Страна перешла на карточную систему. Потерял карточку на хлеб — спеши на Кубинку, там можно купить всё: и хлеб, и карточки, и калоши. Впрочем, семья Кашкая, как и семьи многих партийных, советских работников, видных представителей науки и культуры, находилась на особом положении. Через спецраспределитель тогдашняя правящая и творческая элита поддерживалась продуктами питания. Нельзя сказать, что эта социальная прослойка была завалена хлебом и маслом. Но она была избавлена от необходимости стоять в очередях, мучиться в поисках самого необходимого. Люди, относящиеся к ней, выжили и помогли выжить окружающим. Таково было государственное внимание к тем, кого советская власть оставила работать в тылу. Работать для победы над общим врагом. Отдача от бакинского тыла для Советского Союза была огромной.
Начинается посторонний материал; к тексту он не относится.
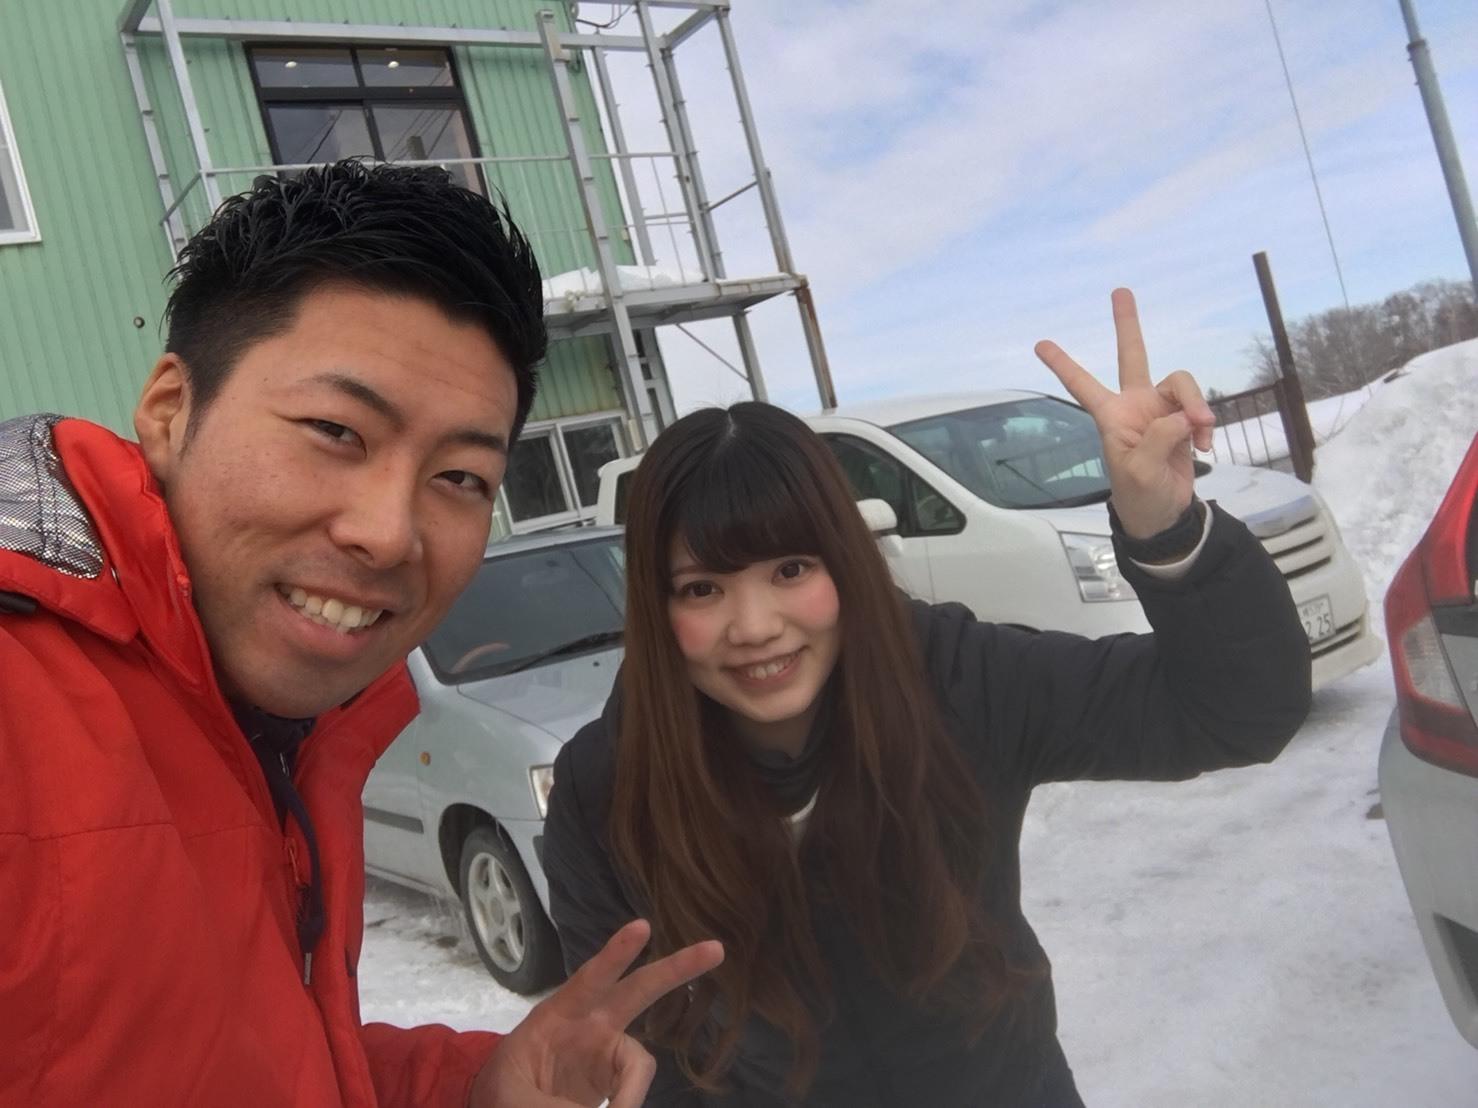 2月8日(木)トミーベース カスタムブログ☆タイヤチェンジャーあります☆ベースといえばやっぱりWALD!!ランクル ハマー LS取り扱っています☆_b0127002_10585732.jpg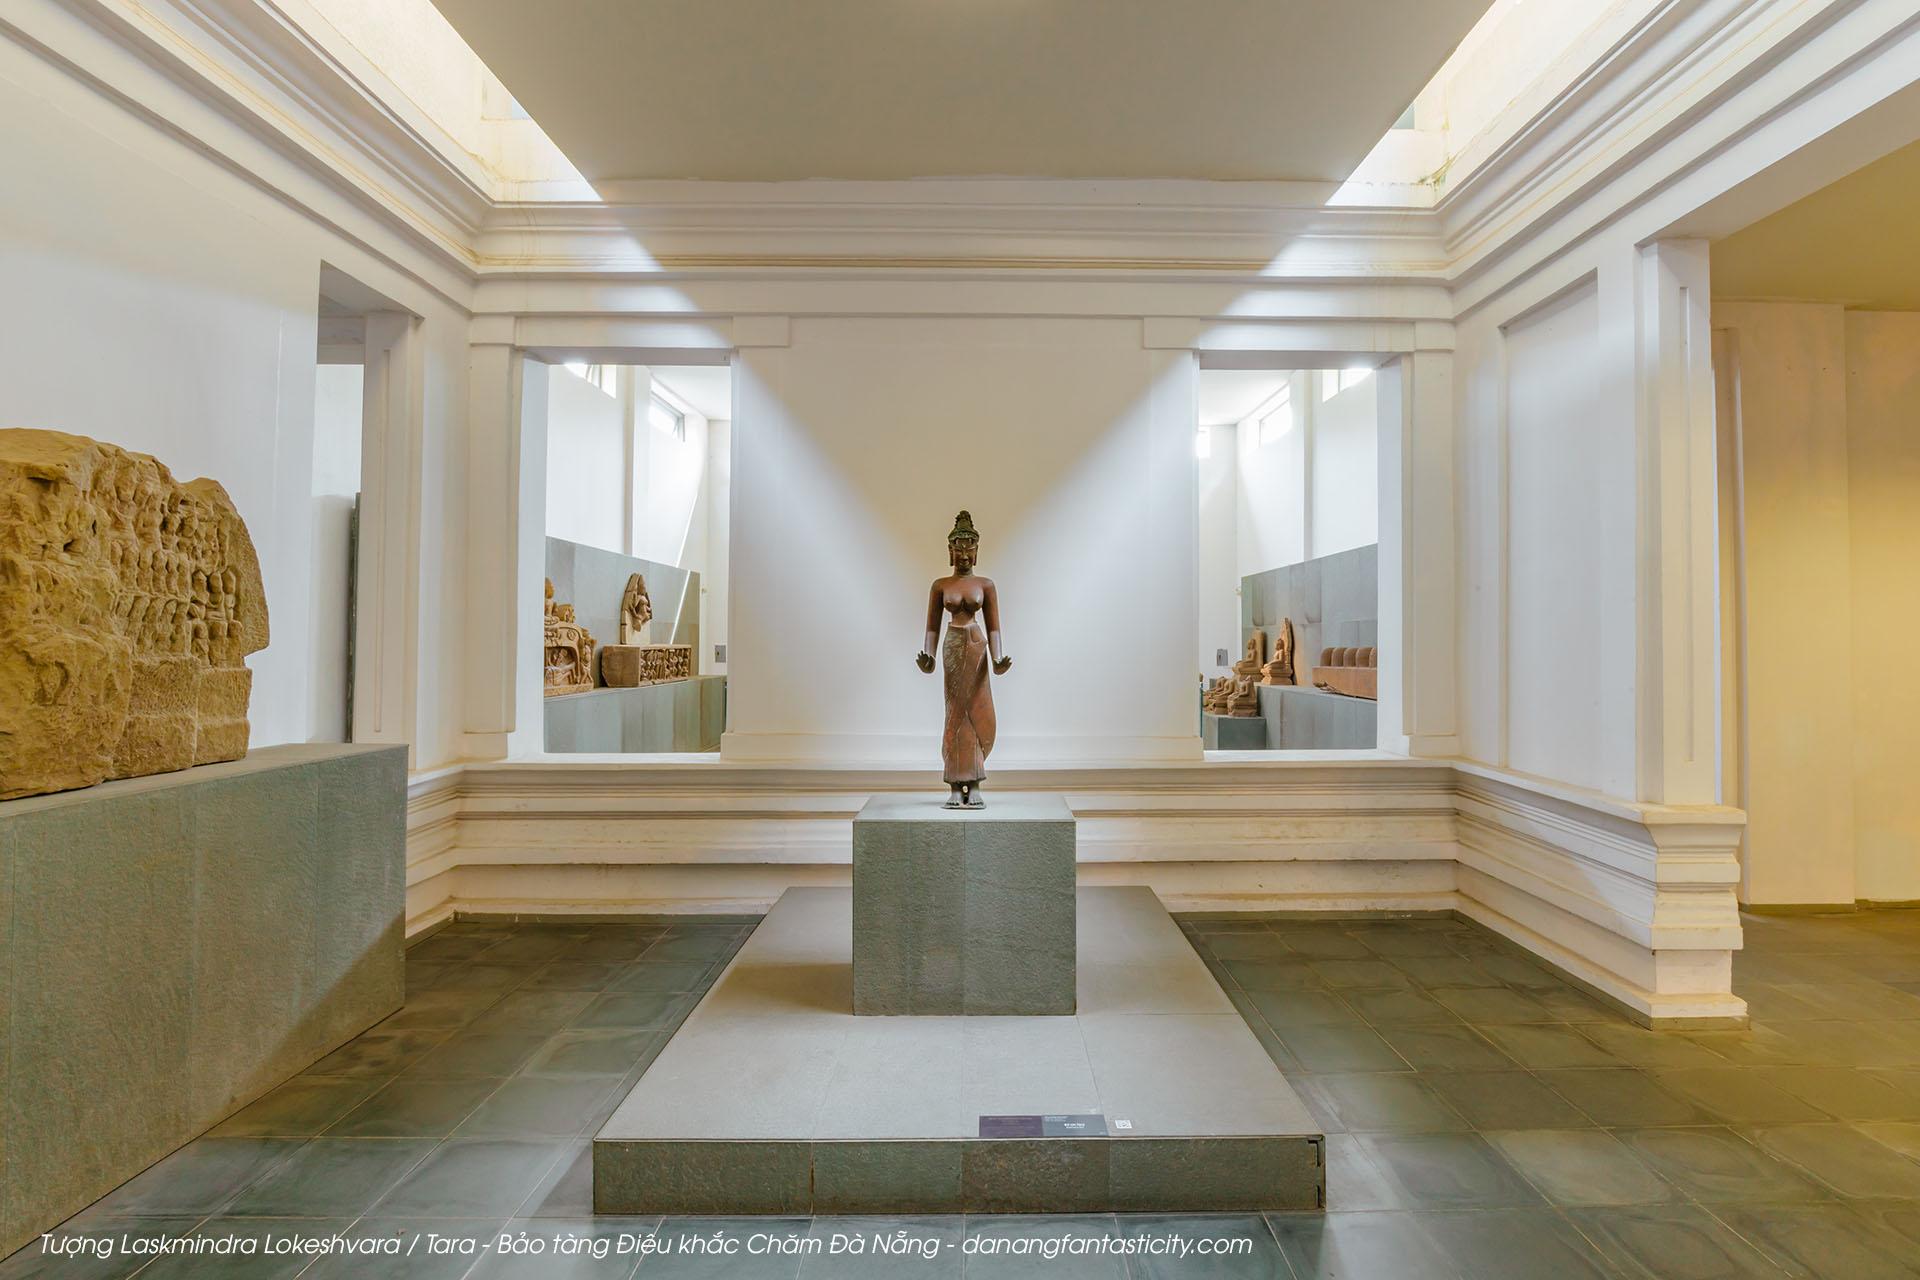 Tuong Laskmindra Lokeshvara Tara Bao Tang Dieu Khac Cham Danang Fantasticity Com

«Мы должны немедленно перестроить всю нашу работу на военный лад, всё подчинив интересам фронта и задачам разгрома врага» — эти сталинские слова, как и краткий, ясный патриотический призыв «Все для фронта, все для победы», стали программой действий для всей страны.
О подвигах азербайджанских нефтяников, бесперебойно снабжавших фронт горючим, написаны многие тома книг. Некоторые историки вообще полагают, что, по большому счету, без бакинской нефти Москве трудно было бы вообще одолеть немецкую военную машину, опиравшуюся на ресурсы всей Европы. Не будем спорить по этому поводу. Скажем только, что бронь, выданная государством нефтяникам, машиностроителям, ученым, окупилась сторицей.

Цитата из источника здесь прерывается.